▶ _AIM OF THE EXERCISE_: A word-for-word restatement of the data is what is needed.
================
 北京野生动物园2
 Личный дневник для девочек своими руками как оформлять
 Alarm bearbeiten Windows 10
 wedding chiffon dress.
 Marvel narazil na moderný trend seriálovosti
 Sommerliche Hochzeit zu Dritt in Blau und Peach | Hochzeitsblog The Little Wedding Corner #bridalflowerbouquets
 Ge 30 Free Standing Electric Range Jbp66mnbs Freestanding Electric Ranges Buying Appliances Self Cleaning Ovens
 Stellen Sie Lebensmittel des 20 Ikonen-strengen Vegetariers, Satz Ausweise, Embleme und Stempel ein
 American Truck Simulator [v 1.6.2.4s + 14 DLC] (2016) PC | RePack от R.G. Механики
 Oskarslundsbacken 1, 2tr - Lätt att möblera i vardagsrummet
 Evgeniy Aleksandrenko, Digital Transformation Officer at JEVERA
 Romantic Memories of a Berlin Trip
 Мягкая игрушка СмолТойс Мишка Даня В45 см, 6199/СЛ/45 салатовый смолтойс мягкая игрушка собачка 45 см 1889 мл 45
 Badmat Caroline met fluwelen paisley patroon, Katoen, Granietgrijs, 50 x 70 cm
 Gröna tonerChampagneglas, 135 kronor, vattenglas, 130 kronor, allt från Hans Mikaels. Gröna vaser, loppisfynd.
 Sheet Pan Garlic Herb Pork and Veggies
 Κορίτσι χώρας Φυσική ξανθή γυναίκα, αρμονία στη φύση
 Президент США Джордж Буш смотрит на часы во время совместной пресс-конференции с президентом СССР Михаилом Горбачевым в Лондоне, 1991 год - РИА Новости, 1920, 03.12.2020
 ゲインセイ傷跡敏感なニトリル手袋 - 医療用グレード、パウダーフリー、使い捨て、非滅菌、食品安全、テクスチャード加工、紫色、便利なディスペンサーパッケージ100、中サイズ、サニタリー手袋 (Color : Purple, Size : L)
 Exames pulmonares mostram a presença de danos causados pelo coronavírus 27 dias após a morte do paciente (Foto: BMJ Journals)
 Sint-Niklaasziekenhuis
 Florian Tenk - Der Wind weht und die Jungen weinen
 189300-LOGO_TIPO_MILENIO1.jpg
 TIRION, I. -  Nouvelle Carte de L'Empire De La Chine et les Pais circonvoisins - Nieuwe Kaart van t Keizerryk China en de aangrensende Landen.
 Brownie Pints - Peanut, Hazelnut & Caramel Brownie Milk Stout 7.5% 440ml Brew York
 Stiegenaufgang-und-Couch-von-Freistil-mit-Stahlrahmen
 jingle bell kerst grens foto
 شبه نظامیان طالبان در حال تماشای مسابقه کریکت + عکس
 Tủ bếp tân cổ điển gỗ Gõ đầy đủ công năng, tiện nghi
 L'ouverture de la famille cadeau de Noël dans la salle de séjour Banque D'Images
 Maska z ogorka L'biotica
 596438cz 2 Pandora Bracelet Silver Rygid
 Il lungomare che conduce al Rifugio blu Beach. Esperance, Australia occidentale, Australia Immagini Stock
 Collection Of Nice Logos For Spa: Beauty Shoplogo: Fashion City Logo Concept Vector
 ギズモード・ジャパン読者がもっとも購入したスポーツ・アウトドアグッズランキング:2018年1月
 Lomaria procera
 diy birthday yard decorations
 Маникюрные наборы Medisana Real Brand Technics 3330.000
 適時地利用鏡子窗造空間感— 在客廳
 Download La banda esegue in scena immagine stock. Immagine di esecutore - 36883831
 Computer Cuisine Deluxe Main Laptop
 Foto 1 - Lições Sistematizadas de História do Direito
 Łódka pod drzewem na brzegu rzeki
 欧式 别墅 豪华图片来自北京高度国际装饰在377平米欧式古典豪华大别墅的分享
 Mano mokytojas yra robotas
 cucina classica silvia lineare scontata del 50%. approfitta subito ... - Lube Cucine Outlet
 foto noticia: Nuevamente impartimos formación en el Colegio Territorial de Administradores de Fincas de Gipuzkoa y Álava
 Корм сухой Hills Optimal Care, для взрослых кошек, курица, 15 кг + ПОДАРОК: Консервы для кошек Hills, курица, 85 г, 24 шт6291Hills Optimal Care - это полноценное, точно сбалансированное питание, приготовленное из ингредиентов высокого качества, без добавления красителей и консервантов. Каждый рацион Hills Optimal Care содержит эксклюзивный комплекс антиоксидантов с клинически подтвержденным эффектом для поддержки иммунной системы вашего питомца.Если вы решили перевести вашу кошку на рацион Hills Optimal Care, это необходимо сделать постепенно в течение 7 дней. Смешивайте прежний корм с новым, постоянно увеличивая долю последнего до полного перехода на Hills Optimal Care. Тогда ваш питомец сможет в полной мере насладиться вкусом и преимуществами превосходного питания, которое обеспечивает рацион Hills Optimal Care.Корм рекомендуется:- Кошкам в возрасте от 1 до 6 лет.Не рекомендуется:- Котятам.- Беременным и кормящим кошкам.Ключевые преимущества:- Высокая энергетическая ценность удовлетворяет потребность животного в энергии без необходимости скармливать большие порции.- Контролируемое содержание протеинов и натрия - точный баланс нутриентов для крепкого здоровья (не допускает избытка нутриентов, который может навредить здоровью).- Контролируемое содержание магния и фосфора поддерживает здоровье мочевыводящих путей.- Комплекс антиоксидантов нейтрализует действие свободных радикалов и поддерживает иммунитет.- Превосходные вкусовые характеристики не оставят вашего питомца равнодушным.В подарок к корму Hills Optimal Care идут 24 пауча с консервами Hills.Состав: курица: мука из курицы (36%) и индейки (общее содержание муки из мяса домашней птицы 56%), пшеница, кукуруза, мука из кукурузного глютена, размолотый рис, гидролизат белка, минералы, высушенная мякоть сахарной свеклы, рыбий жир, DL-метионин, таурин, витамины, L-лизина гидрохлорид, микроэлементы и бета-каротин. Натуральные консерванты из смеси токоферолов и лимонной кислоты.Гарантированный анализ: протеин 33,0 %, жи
================
▶ _WRITTEN ANSWER_:
 北京野生动物园2
 Личный дневник для девочек своими руками как оформлять
 Alarm bearbeiten Windows 10
 wedding chiffon dress.
 Marvel narazil na moderný trend seriálovosti
 Sommerliche Hochzeit zu Dritt in Blau und Peach | Hochzeitsblog The Little Wedding Corner #bridalflowerbouquets
 Ge 30 Free Standing Electric Range Jbp66mnbs Freestanding Electric Ranges Buying Appliances Self Cleaning Ovens
 Stellen Sie Lebensmittel des 20 Ikonen-strengen Vegetariers, Satz Ausweise, Embleme und Stempel ein
 American Truck Simulator [v 1.6.2.4s + 14 DLC] (2016) PC | RePack от R.G. Механики
 Oskarslundsbacken 1, 2tr - Lätt att möblera i vardagsrummet
 Evgeniy Aleksandrenko, Digital Transformation Officer at JEVERA
 Romantic Memories of a Berlin Trip
 Мягкая игрушка СмолТойс Мишка Даня В45 см, 6199/СЛ/45 салатовый смолтойс мягкая игрушка собачка 45 см 1889 мл 45
 Badmat Caroline met fluwelen paisley patroon, Katoen, Granietgrijs, 50 x 70 cm
 Gröna tonerChampagneglas, 135 kronor, vattenglas, 130 kronor, allt från Hans Mikaels. Gröna vaser, loppisfynd.
 Sheet Pan Garlic Herb Pork and Veggies
 Κορίτσι χώρας Φυσική ξανθή γυναίκα, αρμονία στη φύση
 Президент США Джордж Буш смотрит на часы во время совместной пресс-конференции с президентом СССР Михаилом Горбачевым в Лондоне, 1991 год - РИА Новости, 1920, 03.12.2020
 ゲインセイ傷跡敏感なニトリル手袋 - 医療用グレード、パウダーフリー、使い捨て、非滅菌、食品安全、テクスチャード加工、紫色、便利なディスペンサーパッケージ100、中サイズ、サニタリー手袋 (Color : Purple, Size : L)
 Exames pulmonares mostram a presença de danos causados pelo coronavírus 27 dias após a morte do paciente (Foto: BMJ Journals)
 Sint-Niklaasziekenhuis
 Florian Tenk - Der Wind weht und die Jungen weinen
 189300-LOGO_TIPO_MILENIO1.jpg
 TIRION, I. -  Nouvelle Carte de L'Empire De La Chine et les Pais circonvoisins - Nieuwe Kaart van t Keizerryk China en de aangrensende Landen.
 Brownie Pints - Peanut, Hazelnut & Caramel Brownie Milk Stout 7.5% 440ml Brew York
 Stiegenaufgang-und-Couch-von-Freistil-mit-Stahlrahmen
 jingle bell kerst grens foto
 شبه نظامیان طالبان در حال تماشای مسابقه کریکت + عکس
 Tủ bếp tân cổ điển gỗ Gõ đầy đủ công năng, tiện nghi
 L'ouverture de la famille cadeau de Noël dans la salle de séjour Banque D'Images
 Maska z ogorka L'biotica
 596438cz 2 Pandora Bracelet Silver Rygid
 Il lungomare che conduce al Rifugio blu Beach. Esperance, Australia occidentale, Australia Immagini Stock
 Collection Of Nice Logos For Spa: Beauty Shoplogo: Fashion City Logo Concept Vector
 ギズモード・ジャパン読者がもっとも購入したスポーツ・アウトドアグッズランキング:2018年1月
 Lomaria procera
 diy birthday yard decorations
 Маникюрные наборы Medisana Real Brand Technics 3330.000
 適時地利用鏡子窗造空間感— 在客廳
 Download La banda esegue in scena immagine stock. Immagine di esecutore - 36883831
 Computer Cuisine Deluxe Main Laptop
 Foto 1 - Lições Sistematizadas de História do Direito
 Łódka pod drzewem na brzegu rzeki
 欧式 别墅 豪华图片来自北京高度国际装饰在377平米欧式古典豪华大别墅的分享
 Mano mokytojas yra robotas
 cucina classica silvia lineare scontata del 50%. approfitta subito ... - Lube Cucine Outlet
 foto noticia: Nuevamente impartimos formación en el Colegio Territorial de Administradores de Fincas de Gipuzkoa y Álava
 Корм сухой Hills Optimal Care, для взрослых кошек, курица, 15 кг + ПОДАРОК: Консервы для кошек Hills, курица, 85 г, 24 шт6291Hills Optimal Care - это полноценное, точно сбалансированное питание, приготовленное из ингредиентов высокого качества, без добавления красителей и консервантов. Каждый рацион Hills Optimal Care содержит эксклюзивный комплекс антиоксидантов с клинически подтвержденным эффектом для поддержки иммунной системы вашего питомца.Если вы решили перевести вашу кошку на рацион Hills Optimal Care, это необходимо сделать постепенно в течение 7 дней. Смешивайте прежний корм с новым, постоянно увеличивая долю последнего до полного перехода на Hills Optimal Care. Тогда ваш питомец сможет в полной мере насладиться вкусом и преимуществами превосходного питания, которое обеспечивает рацион Hills Optimal Care.Корм рекомендуется:- Кошкам в возрасте от 1 до 6 лет.Не рекомендуется:- Котятам.- Беременным и кормящим кошкам.Ключевые преимущества:- Высокая энергетическая ценность удовлетворяет потребность животного в энергии без необходимости скармливать большие порции.- Контролируемое содержание протеинов и натрия - точный баланс нутриентов для крепкого здоровья (не допускает избытка нутриентов, который может навредить здоровью).- Контролируемое содержание магния и фосфора поддерживает здоровье мочевыводящих путей.- Комплекс антиоксидантов нейтрализует действие свободных радикалов и поддерживает иммунитет.- Превосходные вкусовые характеристики не оставят вашего питомца равнодушным.В подарок к корму Hills Optimal Care идут 24 пауча с консервами Hills.Состав: курица: мука из курицы (36%) и индейки (общее содержание муки из мяса домашней птицы 56%), пшеница, кукуруза, мука из кукурузного глютена, размолотый рис, гидролизат белка, минералы, высушенная мякоть сахарной свеклы, рыбий жир, DL-метионин, таурин, витамины, L-лизина гидрохлорид, микроэлементы и бета-каротин. Натуральные консерванты из смеси токоферолов и лимонной кислоты.Гарантированный анализ: протеин 33,0 %, жи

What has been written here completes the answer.